━━ Dataset extract
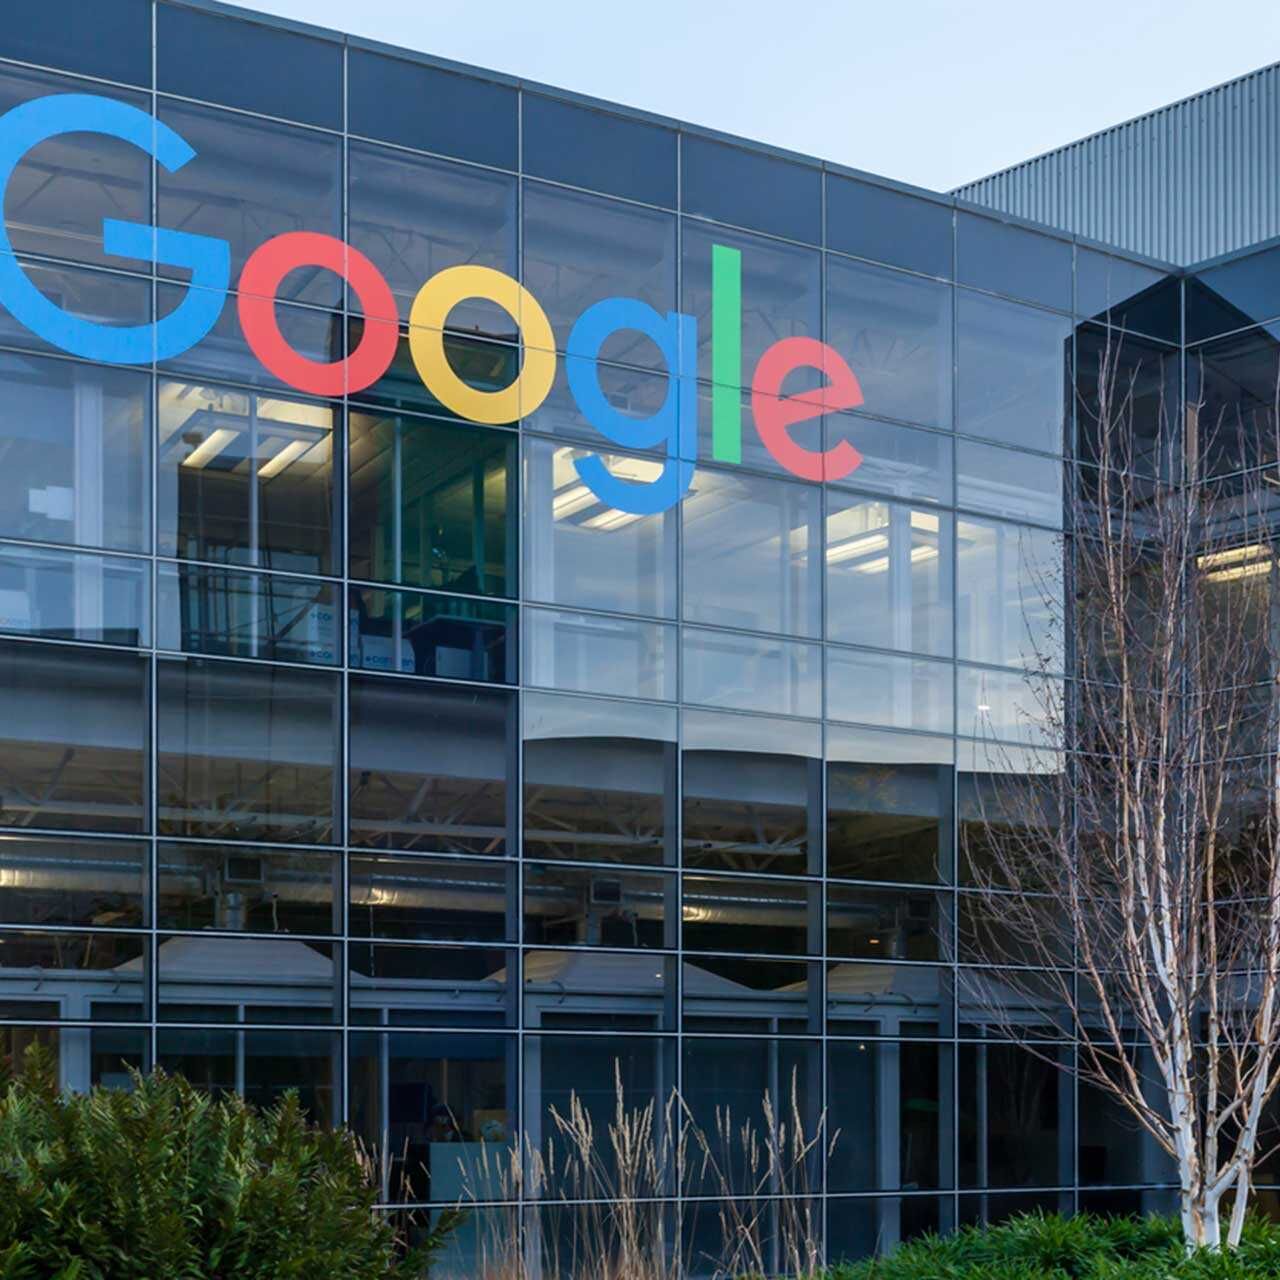 Google is een Amerikaans bedrijf dat online diensten aanbiedt, met het hoofdkantoor in Mountain View, Californië, in het zogenaamde Googleplex
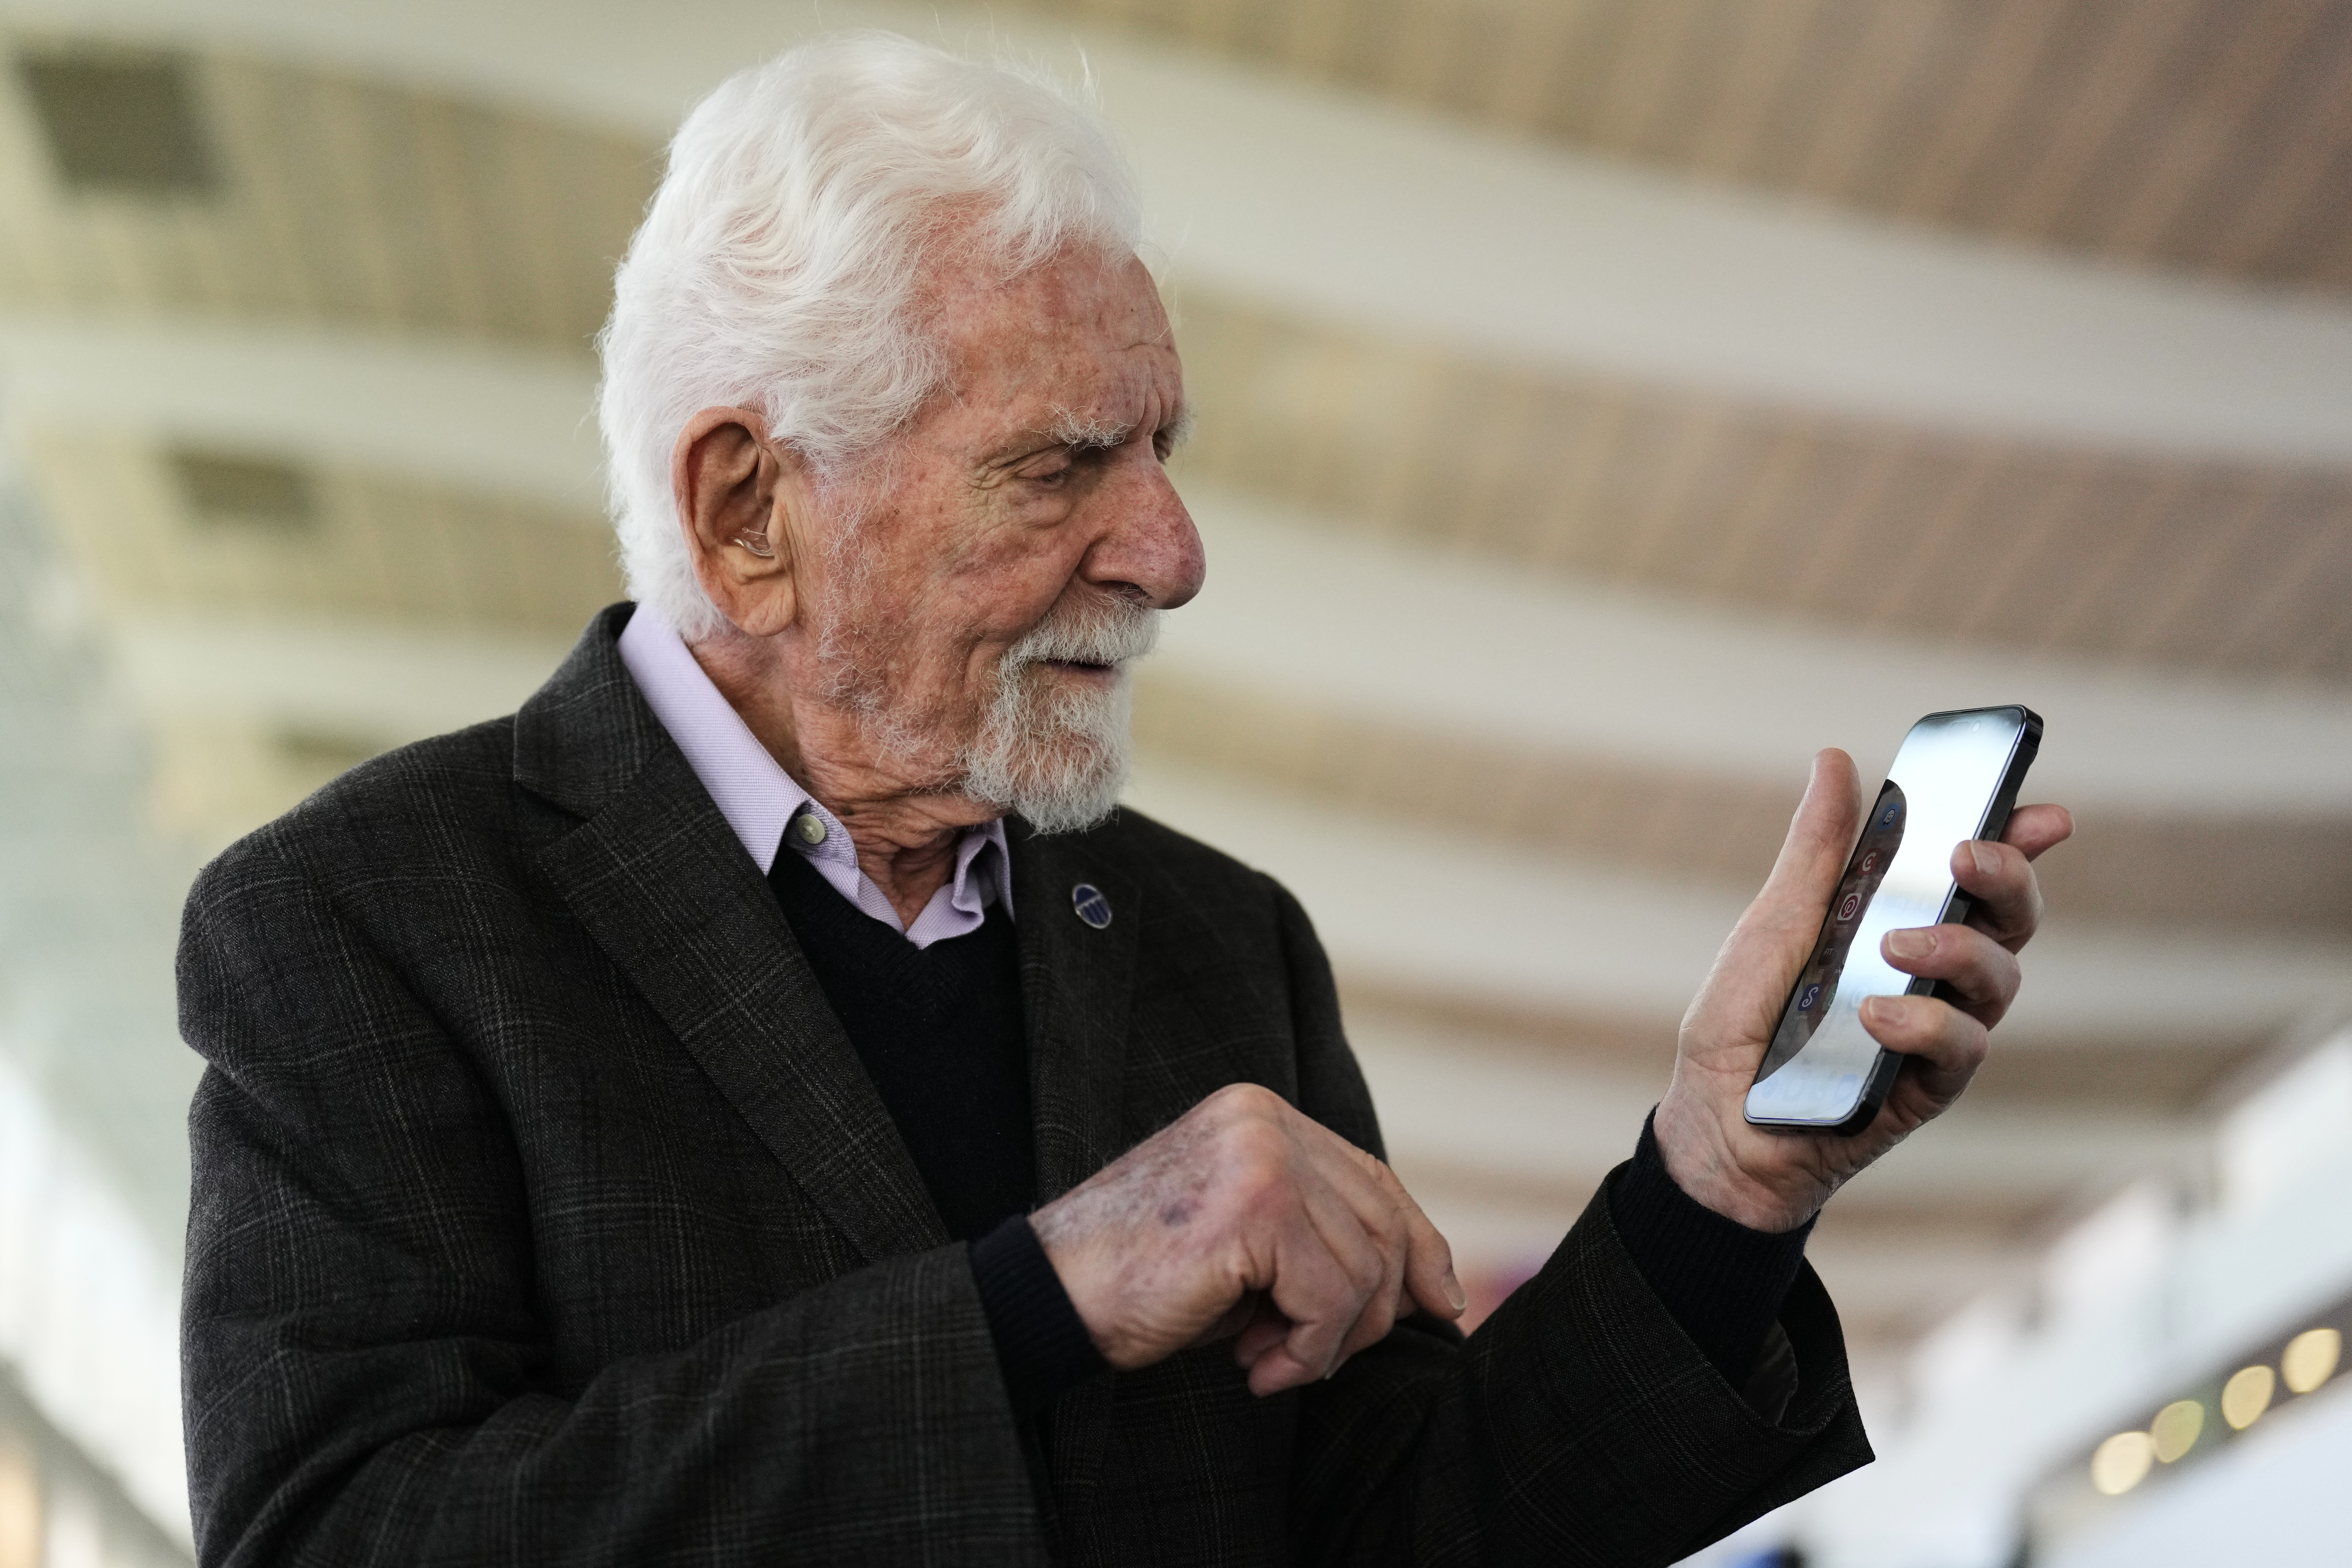 Martin Cooper: "El móvil es una extensión de la persona. Y es solo el inicio"
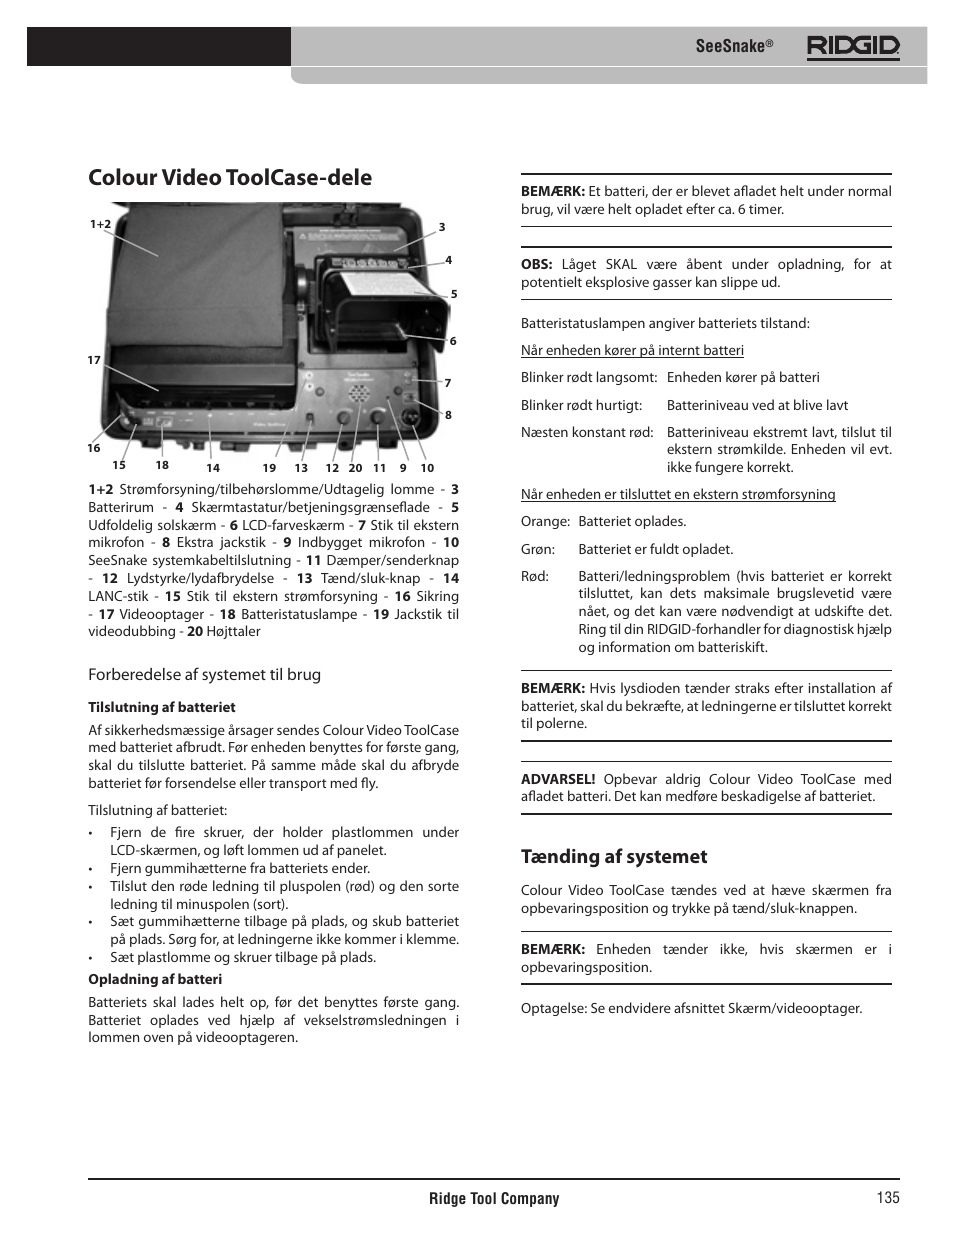 Colour video toolcase-dele, Tænding af systemet | RIDGID SeeSnake User  Manual | Page 136 / 302
━━━━
• [Your instructions]: Pictures must be left out. Return verbatim only the lines from the line with "móvil es una" through the final line of the material above, including both ends.

• [Response to the exercise]:
 Martin Cooper: "El móvil es una extensión de la persona. Y es solo el inicio"
 Colour video toolcase-dele, Tænding af systemet | RIDGID SeeSnake User  Manual | Page 136 / 302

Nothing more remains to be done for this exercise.